Jackie Chan’s American movies are nowhere near as exhilarating as his Hong Kong work, but the man possesses so much charm and physical prowess that he manages to breathe some life into the most tired action comedies (see: Rush Hour or to a lesser extent, Shanghai Noon). That is, until now: “The Tuxedo” is so stupendously inane that it manages to nullify Jackie’s natural charisma.
Chan plays Jimmy Tong, the new chauffeur of playboy millionaire and CSA secret agent Clark Devlin (Jason Isaacs). When Devlin is blown out of service by a skateboard bomb (don’t ask), Tong puts on his boss’ 2 billion dollar Armani tuxedo and suddenly becomes a killing machine (or more accurately, a bruising machine, this is a PG-13 flick after all) and sets out to save the world, with rookie agent Del Blaine (Jennifer Love Hewitt) as a partner.

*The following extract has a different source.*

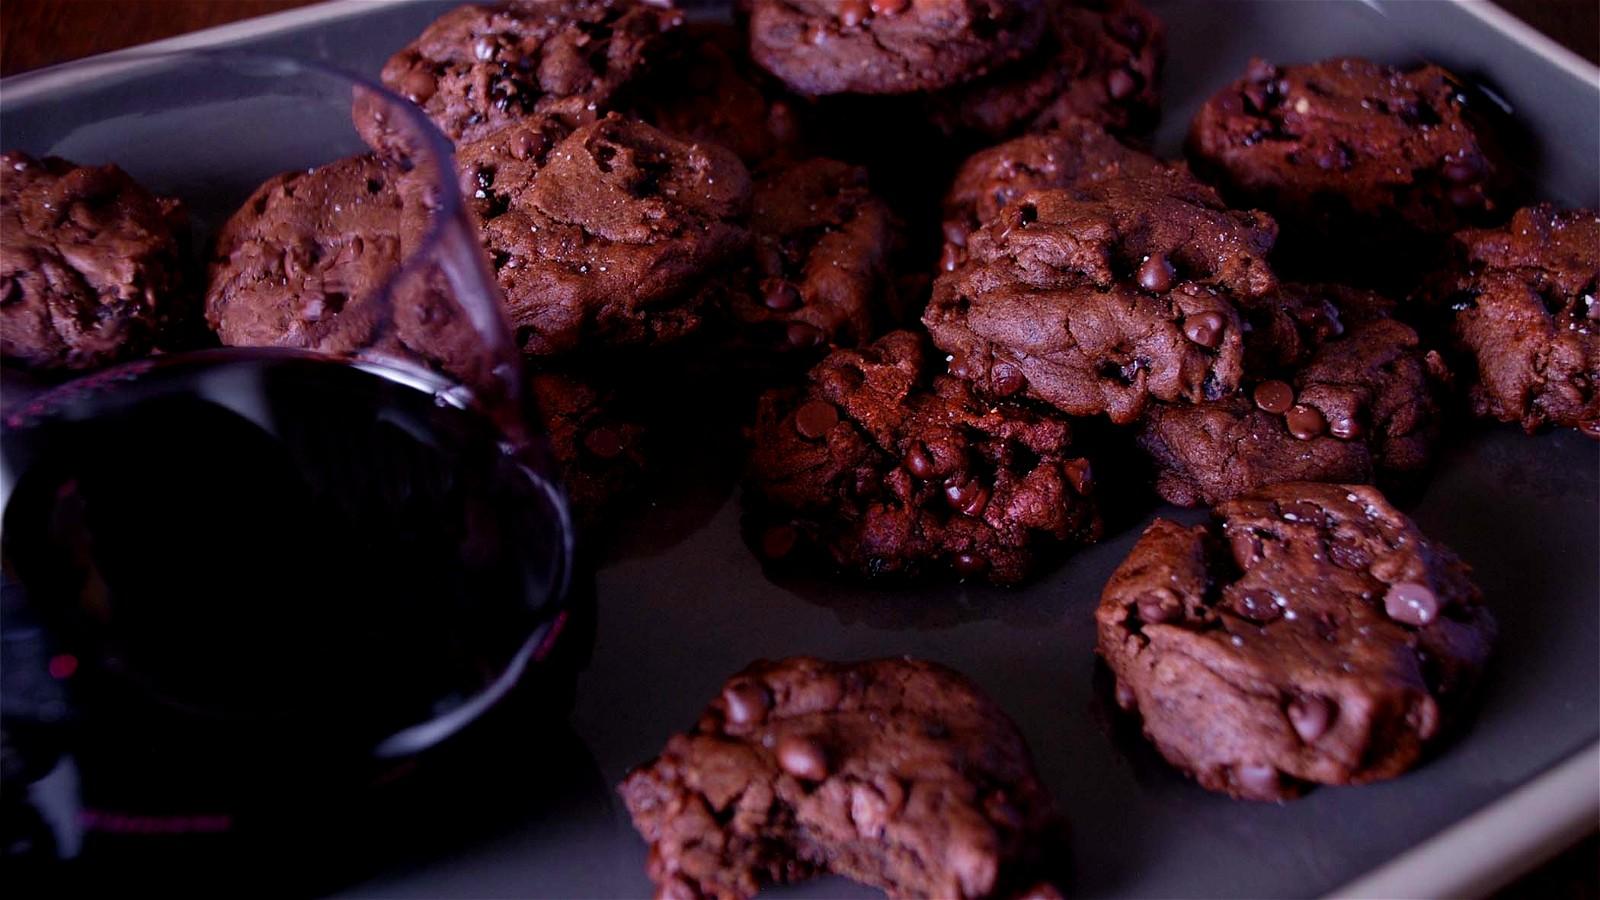 Image of Chocolate, Cherry, & Black Pepper Cookies

What anyone saw in Michael J. Wilson and Michael Leeson’s screenplay, I do not know. I guess the basic premise could make for an enjoyable enough kids movie, kind of an Inspector Gadget/James Bond hybrid, but the way that idea is handled is consistently idiotic and unimaginative. For nearly half an hour, Tong does nothing but drive and act as a bumbling, insecure weakling. This is meant to contrast with when he finally puts on the tuxedo and becomes as smooth as it gets, but the tux scenes don’t work much more. What’s the fun in a hero who’s not in control of his body? There’s no tension, as we know the tux will make him beat every assailant and survive every fall. Even when Tong loses the tux, the film doesn’t follow through with the “it was in you all along” cliché and show that Tong can be a hero without the suit. Instead, he just happens to find another tux and we’re in for more of the same gimmicky crap.
Then you’ve got Ritchie Coster as the villain, who has the most retarded evil scheme: infiltrating the world’s water reservoirs with insects carrying a deadly bacteria, forcing everyone to buy bottled water. Despite numerous boring exposition scenes, the movie never explains how this could make sense. As for the comedy, the less said about it the better. Someone apparently thinks that the idea of Jackie Chan dancing is hilarious, so we get countless scenes of him “shaking his booty”, which is mildly amusing at first but loses its novelty quickly. Then you’ve got tons of immature, witless sex farce, most of it having to do with J-Lo Hewitt’s cleavage. Tee hee. I’ll give the film one thing, having Jackie Chan in a Hooters shirt and with a soul patch on his chin is pretty funny.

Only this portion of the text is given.